A quotient ring is a quotient set of the elements of a ring with an induced ring structure.

## Characterization of Equivalence Relations Compatible with Ring Structure

Theorem. Let $R$ be an equivalence relation on the underlying set of a pseudo-ring $A$. Then $R(x,y)$ is compatible with addition and left (resp. right) multiplication if and only if $R(x,y)$ is equivalent to a statement of the form " $x-y \in \mathfrak{a}$", for some left (resp. right) ideal $\mathfrak{a}$ of $A$.

Proof. We prove the case for left ideals; the other case follows from passing to the opposite ring.

Suppose $R$ is an equivalence relation on $A$ compatible with addition and left multiplication. Let $\mathfrak{a}$ be the equivalence class of 0. Then $R(x,y)$ is evidently equivalent to the statement " $x-y\in \mathfrak{a}$, so it remains to show that $\mathfrak{a}$ is a left ideal of $A$.

By definition, $0\in \mathfrak{a}$, and for any $x,y\in \mathfrak{a}$, $$x+ y \equiv 0+0 \equiv 0 \pmod{R},$$ so $x+y \in \mathfrak{a}$; that is, $\mathfrak{a}$ is closed under addition. Finally, for any $x\in A$ and $y\in \mathfrak{a}$, $$xy \equiv x \cdot 0 \equiv 0 \pmod{R} ,$$ so $A\mathfrak{a} \subseteq \mathfrak{a}$. Therefore $\mathfrak{a}$ is a left ideal of $A$.

Conversely, let $\mathfrak{a}$ be any left ideal of $A$. We wish to show that " $x-y \in \mathfrak{a}$" is an equivalence relation compatible addition and left multiplication in $A$. Evidently, if $x\equiv y \pmod{\mathfrak{a}}$ and $y\equiv z \pmod{\mathfrak{a}}$, then $$x-z = (x-y)+(y-z) \in \mathfrak{a},$$ so $x\equiv z\pmod{\mathfrak{a}}$. Also, $x-x = 0$ is an element of $\mathfrak{a}$, and if $(x-y)$ is, then so is $-(x-y) = y-x$. This shows that equivalence modulo $\mathfrak{a}$ is an equivalence relation.

Now we show that equivalence modulo $\mathfrak{a}$ is compatible with addition and left multiplication.

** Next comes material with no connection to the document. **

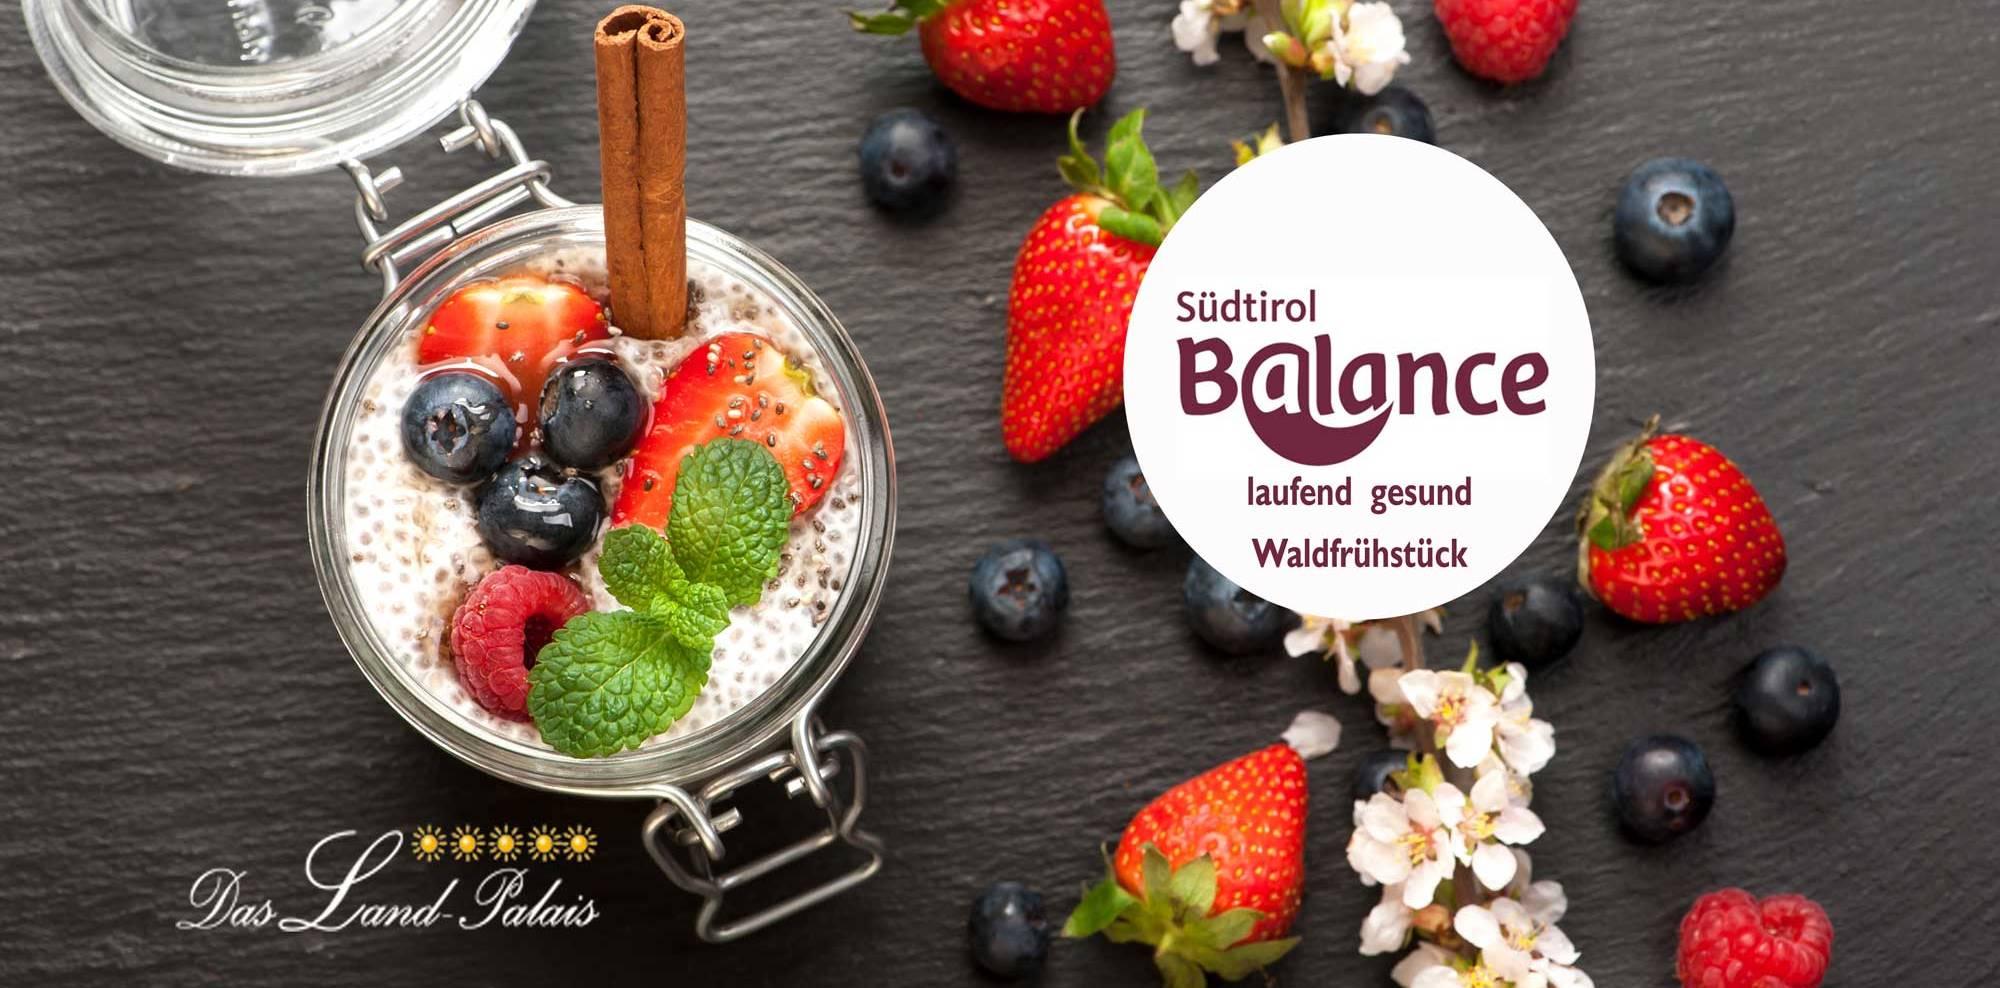 Laufend gesund – Südtirol Balance Mai/Juni 2017
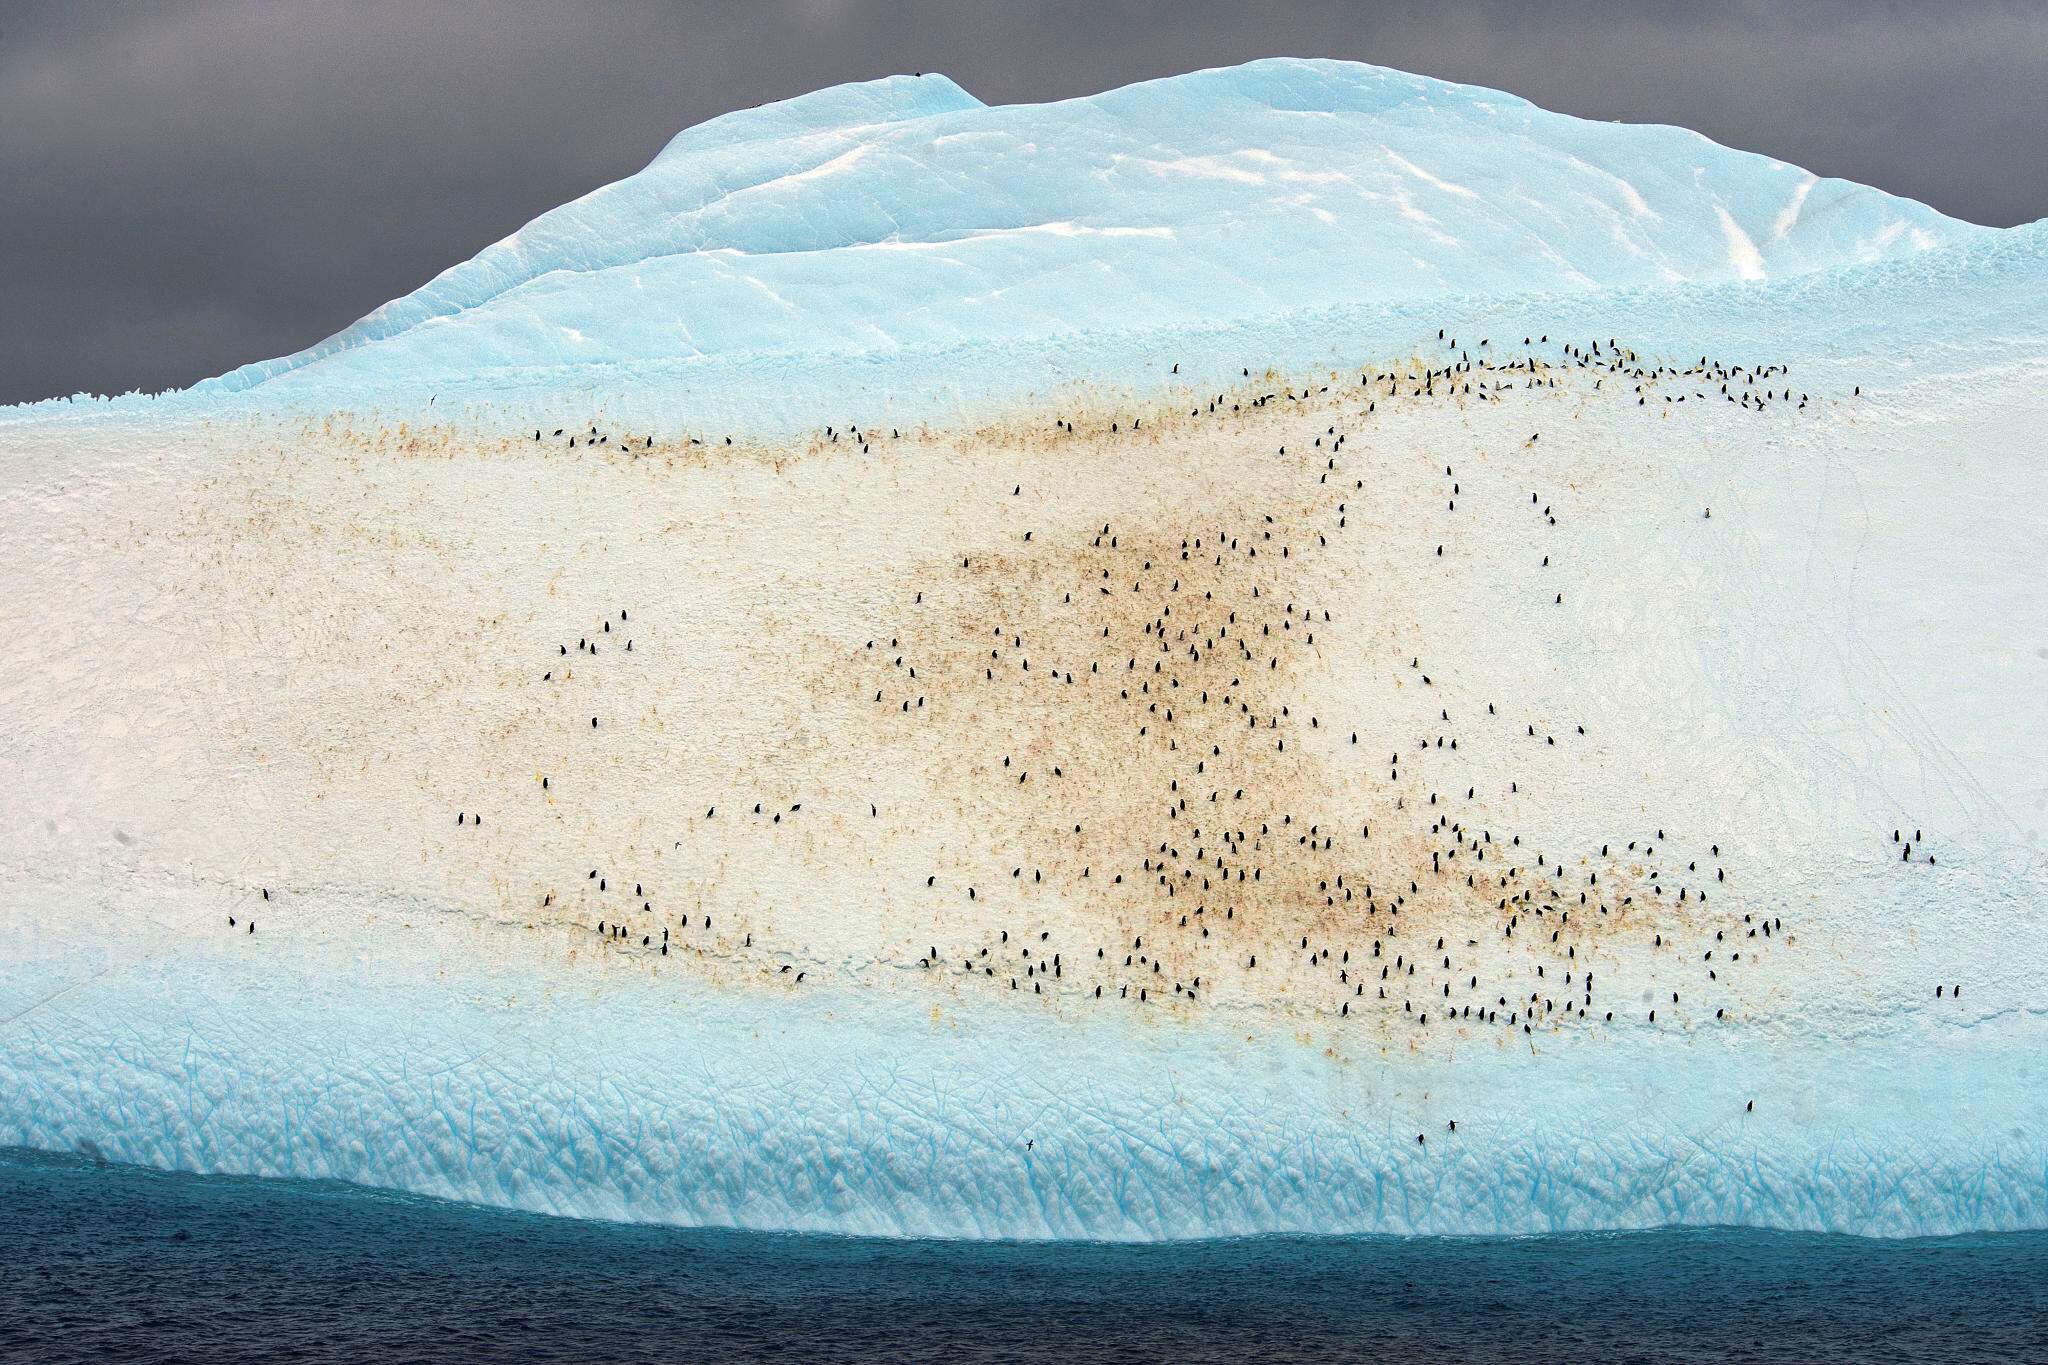 Adelie Penguins and Chinstrap Penguins mingle on an iceberg. Christopher Michel @ChrisMichel

Indeed, suppose that $x-y \in \mathfrak{a}$; then for any $a\in A$, $$(a+x)- (a+y) = x-y \in \mathfrak{a},$$ so $a+x \equiv a+y \pmod{\mathfrak{a}}$. Finally, for any $a\in A$, $$a(x-y) \in \mathfrak{a},$$ since $\mathfrak{a}$ is a left ideal of $A$. $\blacksquare$

Corollary. Let $A$ be a ring, and $R(x,y)$ an equivalence relation on the elements of $A$. Then $R$ is compatible with the ring structure of $A$ if and only if it is of the form " $x-y \in \mathfrak{a}$", for some two-sided ideal $\mathfrak{a}$ of $A$.